((
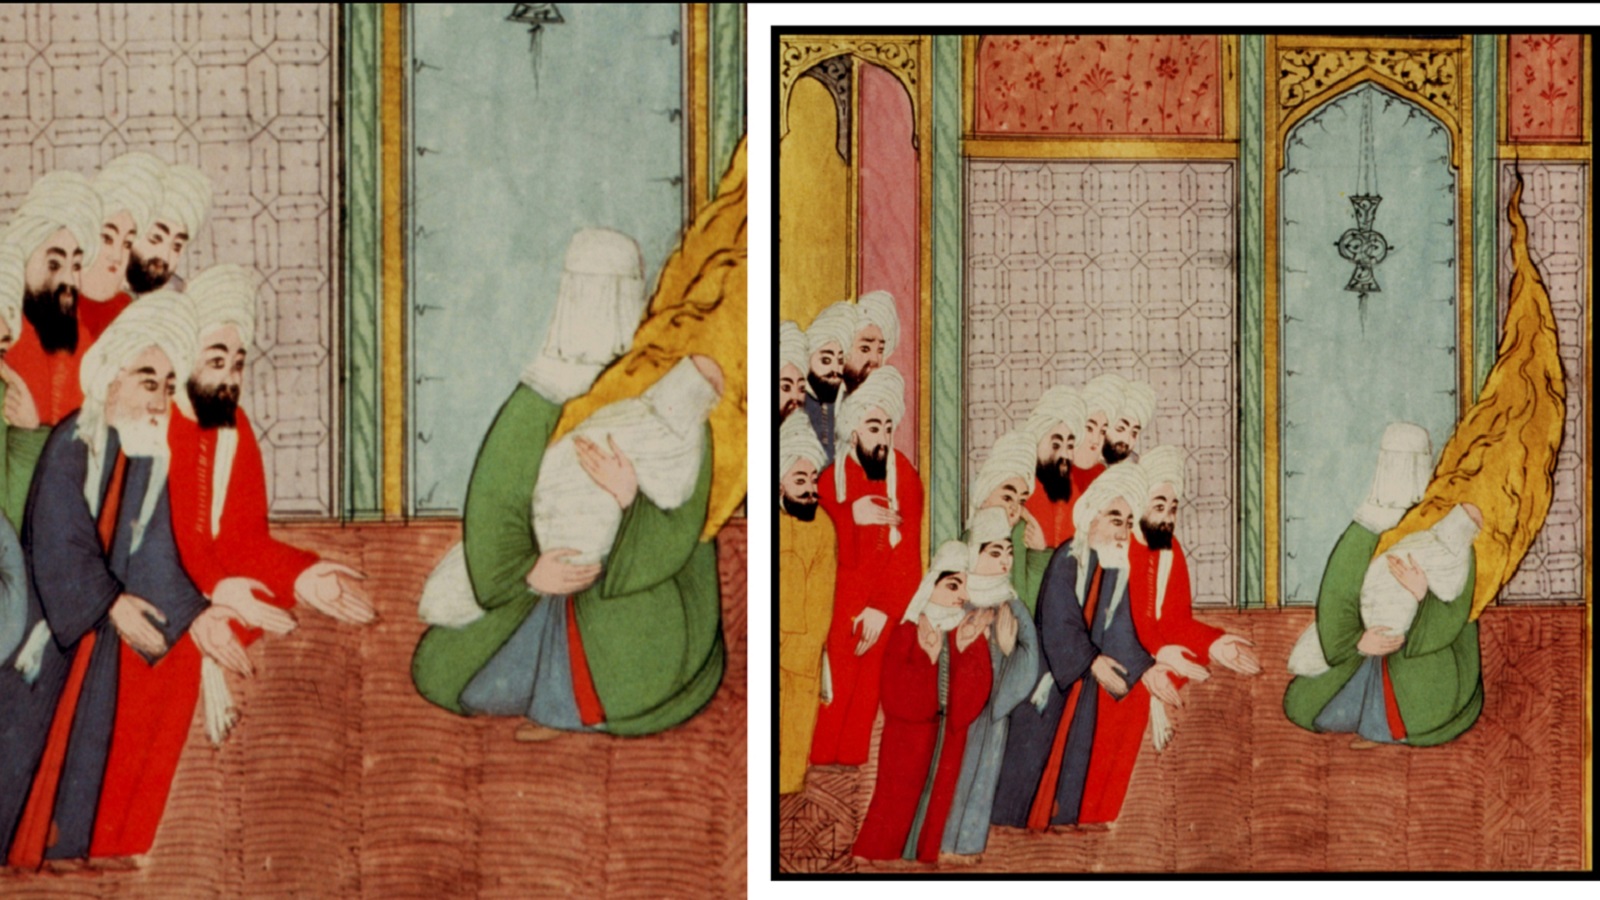 عبد المطلب مع قومه أمام آمنة والنبي والوليد، "جامع سير النبي"، اسطنبول، نهاية القرن السادس عشر، سرايا توبكابي.
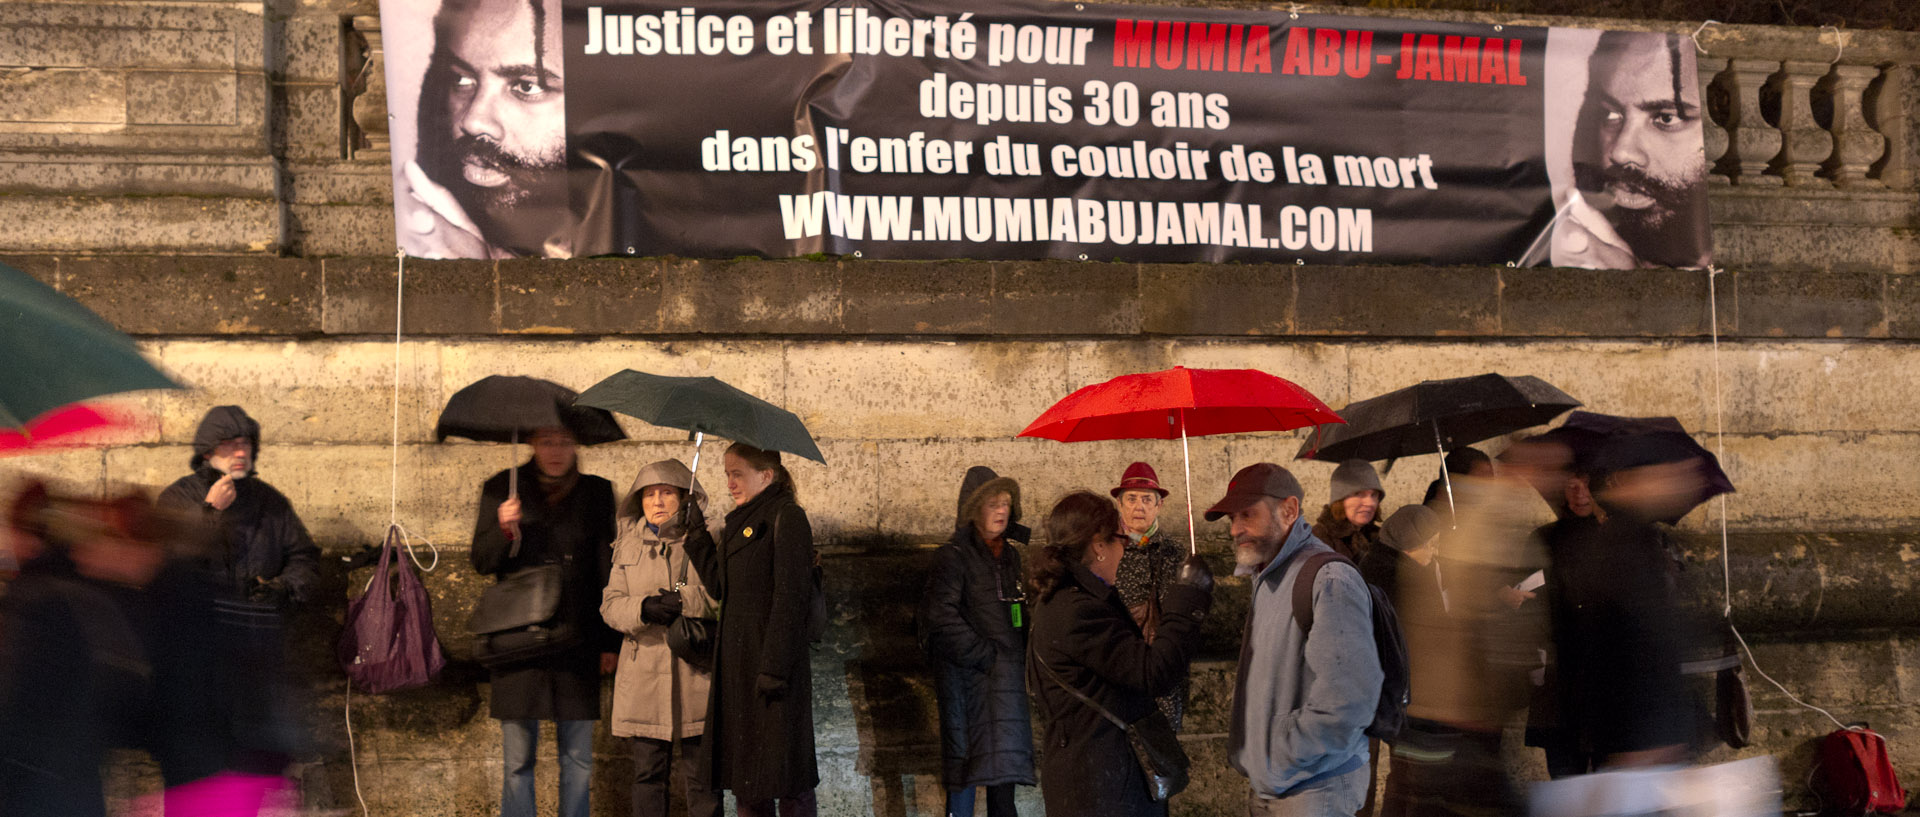 Manifestation en faveur de Mumia Abu-Jamal, place de la Concorde, à Paris.
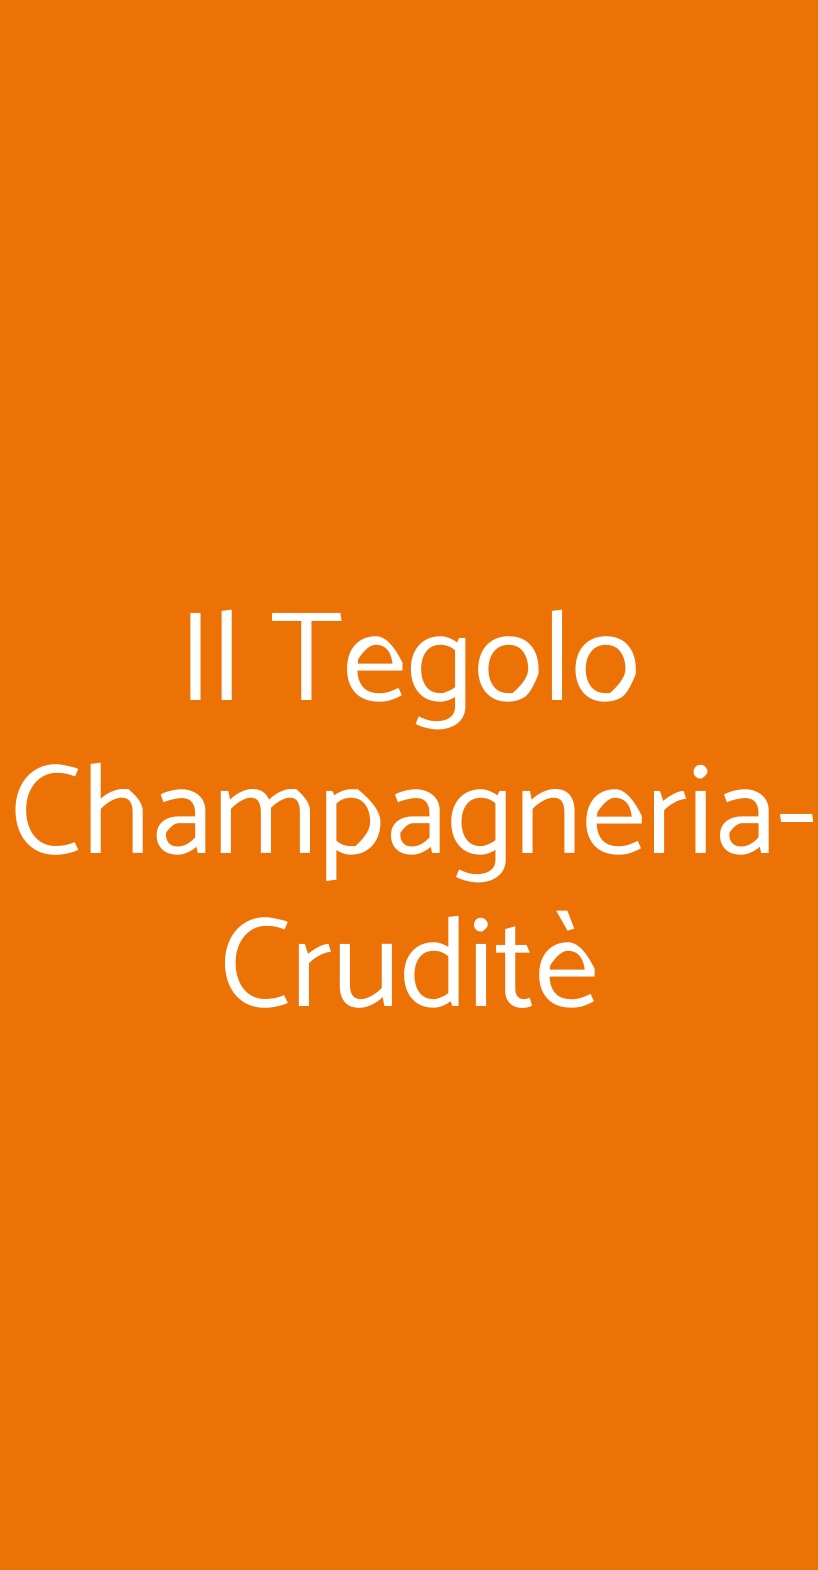 Il Tegolo Champagneria-Cruditè Livorno menù 1 pagina
))
**About this exercise:** A word-for-word reprint of the listing above is needed, minus the pictures.

**Exercise answer:**
 عبد المطلب مع قومه أمام آمنة والنبي والوليد، "جامع سير النبي"، اسطنبول، نهاية القرن السادس عشر، سرايا توبكابي.
 Manifestation en faveur de Mumia Abu-Jamal, place de la Concorde, à Paris.
 Il Tegolo Champagneria-Cruditè Livorno menù 1 pagina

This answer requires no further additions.